Em 2015, ao me tornar apresentadora da previsão do tempo do Hora 1, nas madrugadas da Globo, senti os primeiros sintomas de uma doença que eu demoraria alguns anos para identificar e compreender. Devido ao novo horário de trabalho — antes, como repórter de rua, também entrava de madrugada, mas não às 3 da manhã —, não conseguia dormir o suficiente para a recuperação física e mental. Você pode até falar de pessoas que conseguem produzir apesar de dormir pouco. Mas nem todos são iguais. Fiz de tudo para atenuar o problema: meditação, florais, chá de camomila. Mudei-me de um apartamento no 3º andar para outro no 16º para minimizar os ruídos e o calor. Já tentou dormir às 18 horas quando faz calor? Passei a usar indutores de sono para dormir quanto antes e acordar às 2 horas. Eu ia do estado “dormindo” ao “produzindo freneticamente” em uma hora. Agia assim para que meu corpo não ficasse debilitado e eu compensasse isso comendo demais.

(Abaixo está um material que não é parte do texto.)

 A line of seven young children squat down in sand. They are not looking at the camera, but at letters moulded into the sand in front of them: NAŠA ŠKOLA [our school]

O ano de 2016 foi crítico. Passei por uma cirurgia vascular e entrei em depressão. Um psiquiatra me receitou antidepressivos. Mas como eu poderia entrar no ar apática e anestesiada? Eu fazia a maioria das entradas de improviso, não poderia estar “grogue” no ar. O médico me disse então que eu teria de produzir serotonina de alguma maneira. Sabe o que fiz? Passei a subir as escadas do meu prédio para auxiliar na produção desse neurotransmissor, que ajuda a regular as funções cerebrais. Funcionou por um tempo, mas depois tive problemas gastrointestinais e passei a ter alergia a tudo. Em julho passado, minha carga horária foi aumentada, e o corpo reagiu com episódios de taquicardia, enjoos, crises nervosas, choro constante. Até o dia em que pifei: no ar, não lembrava o nome da capital do Paraná, meu estado de origem! Nas redes sociais, uma espectadora questionou o que estava acontecendo. Só aí um psiquiatra deu o diagnóstico: eu tinha a síndrome de burnout.

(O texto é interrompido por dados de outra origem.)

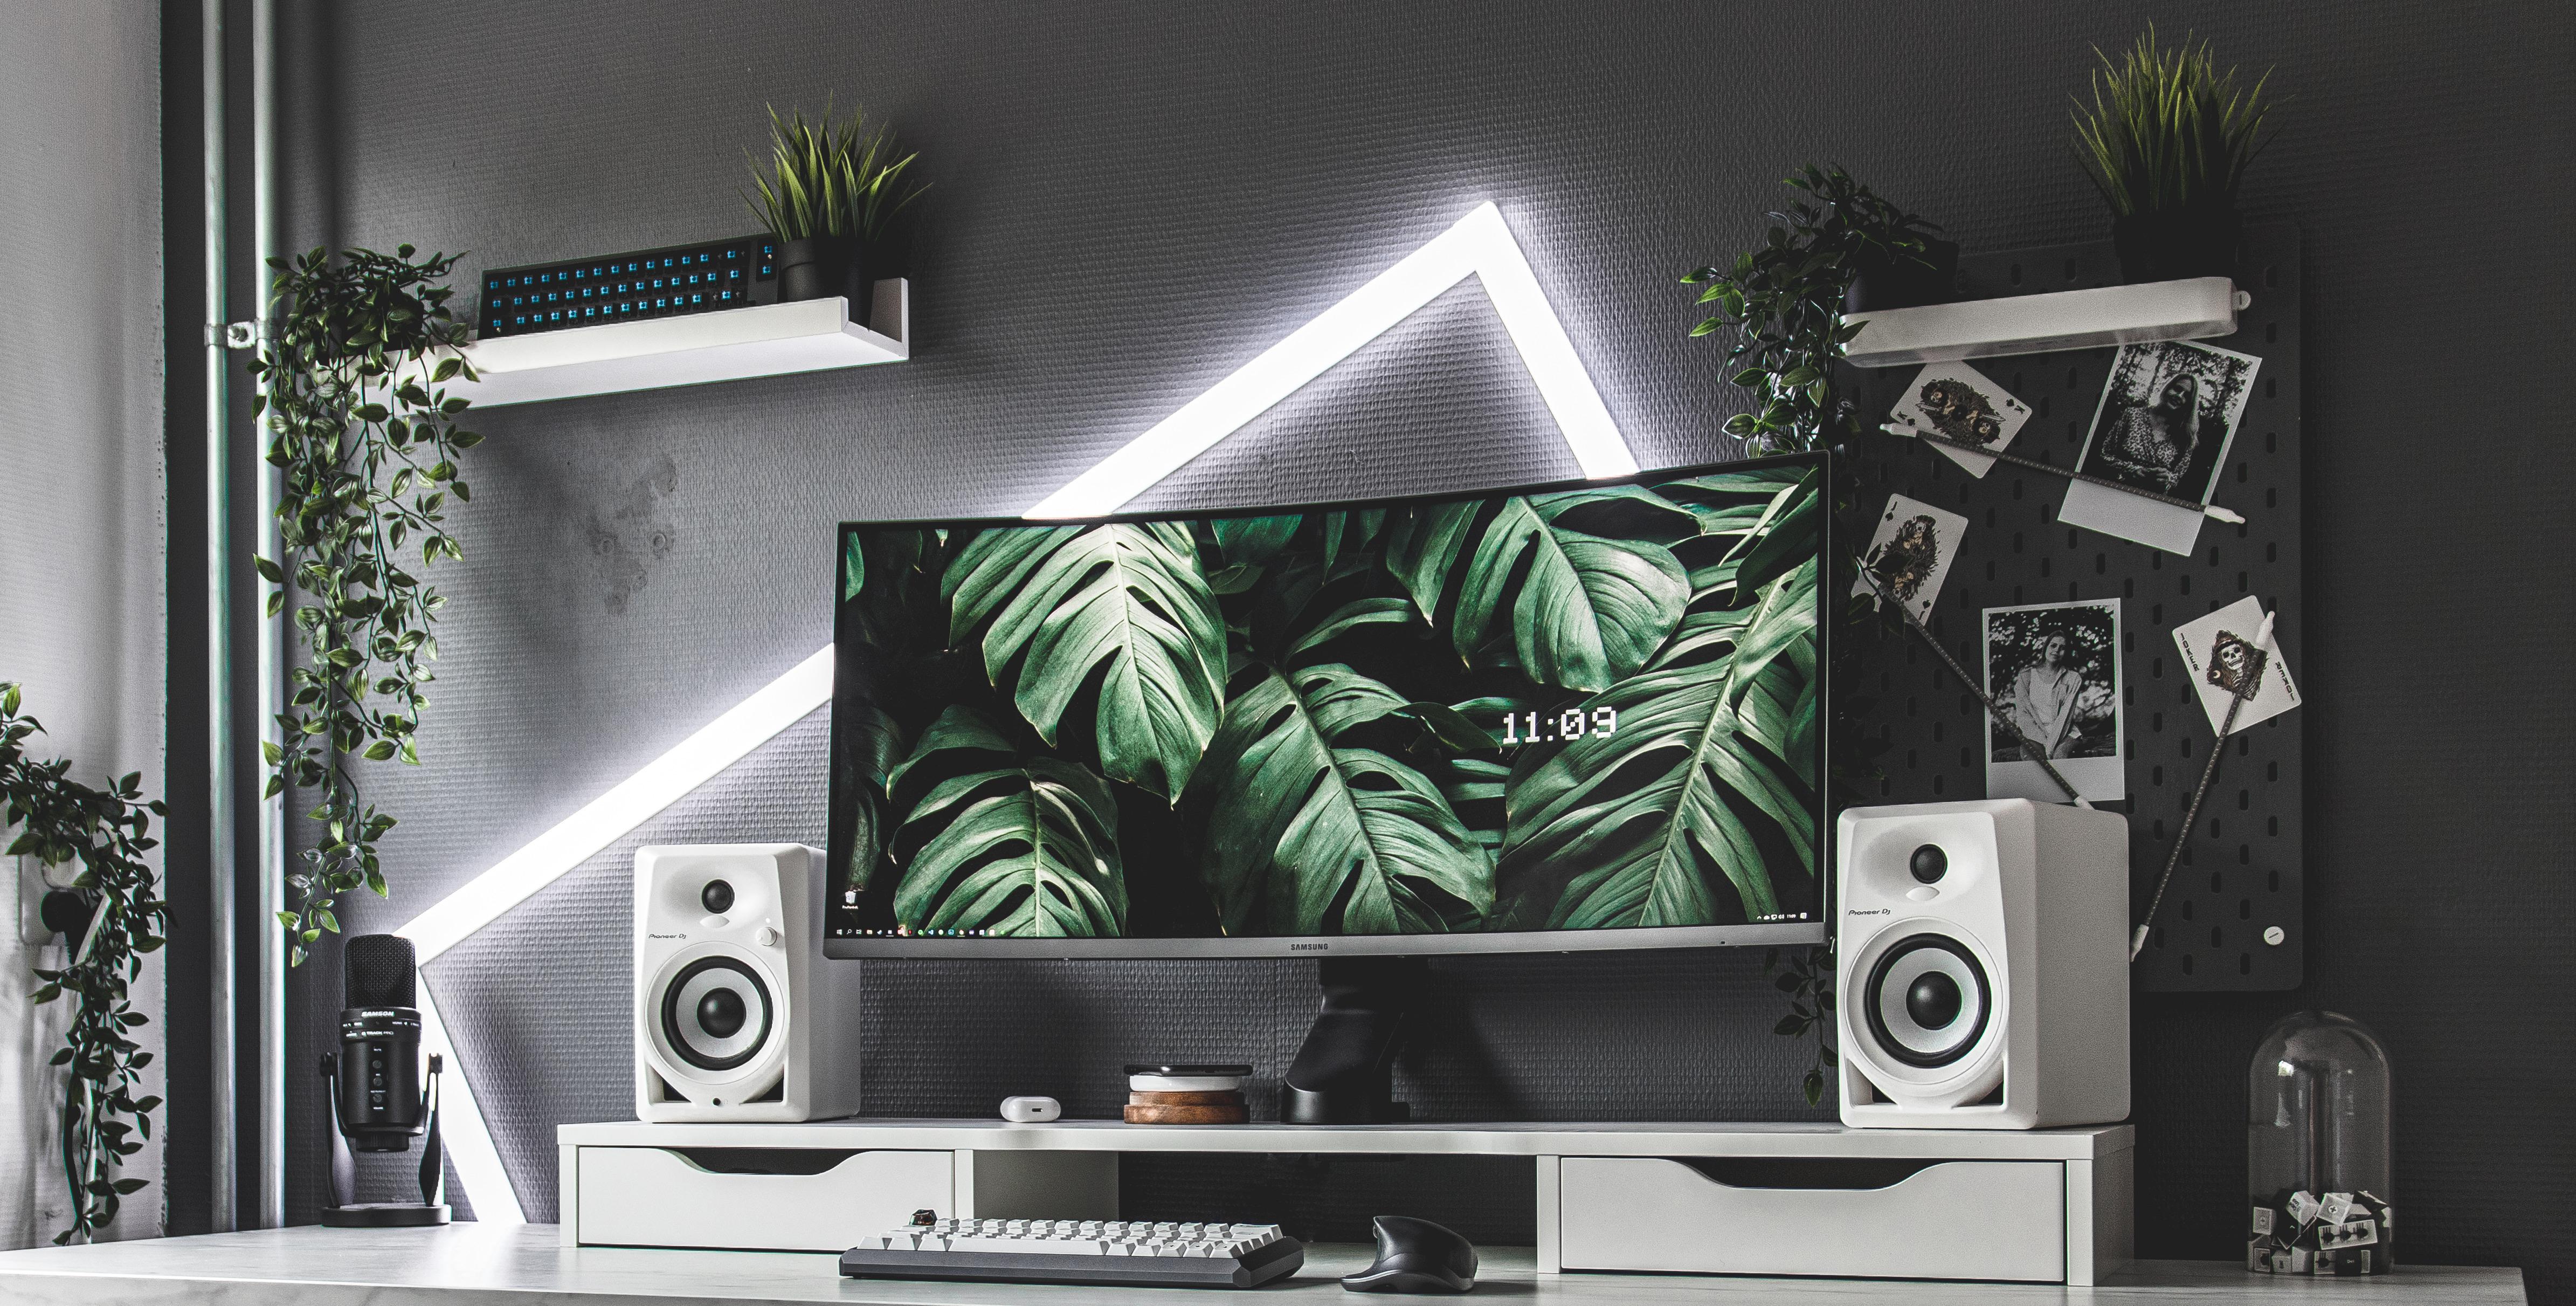 A sharp white-and-black desktop setup with green plants as accents and a monitor desktop showing green plant fronds.

Burnout não é uma simples fadiga. A síndrome se caracteriza pelo esgotamento físico e psicológico frequente. É quando suas defesas acabam após muitas tentativas de adaptação ao ambiente profissional. Se você está cansado, dorme no fim de semana. Mas como lidar com o acúmulo de exaustão? Percebi que muita gente teve problemas semelhantes, ainda que descritos com nomes diferentes. O padre Fábio de Melo passou por crises de pânico. O jornalista Ricardo Boechat teve um apagão no ar. Estou hoje comprometida com a conscientização de uma doença varrida para debaixo do tapete. Sofri muita incompreensão. Entre um sintoma e outro, levava laudos para meus chefes pedindo só uma mudança de horário. Voltei de uma licença médica e fui dispensada. Uma doença assim não é bem-vista nas empresas. Algumas preferem até dizer que o funcionário quebrou o pé a confirmar a síndrome. Outras pessoas que trabalharam comigo passam pela mesma situação, mas sofrem caladas, com medo de retaliações. Felizmente, hoje estou bem. Continuo em tratamento com medicamentos e terapias, mas sou capaz de recomeçar. Em dezembro, o ministro de Ciência e Tecnologia, Marcos Pontes, me convidou para integrar a equipe de comunicação do ministério.
Desde 2017, realizei uma série de entrevistas para responder a um questionamento que as pessoas me faziam na rua. Elas queriam saber o que estava acontecendo com o tempo, por sentirem que ele estava passando mais rápido. Essas conversas, que publicarei em livro, ajudaram a entender meu problema: a gente continua dispondo do mesmo número de horas, mas precisa fazer cada vez mais coisas. As entrevistas foram um modo de o universo dizer: “Pera lá, fofinha, estou avisando há muito tempo que seu ritmo de vida não está adequado”. Se seu corpo está pedindo socorro, ouça-o.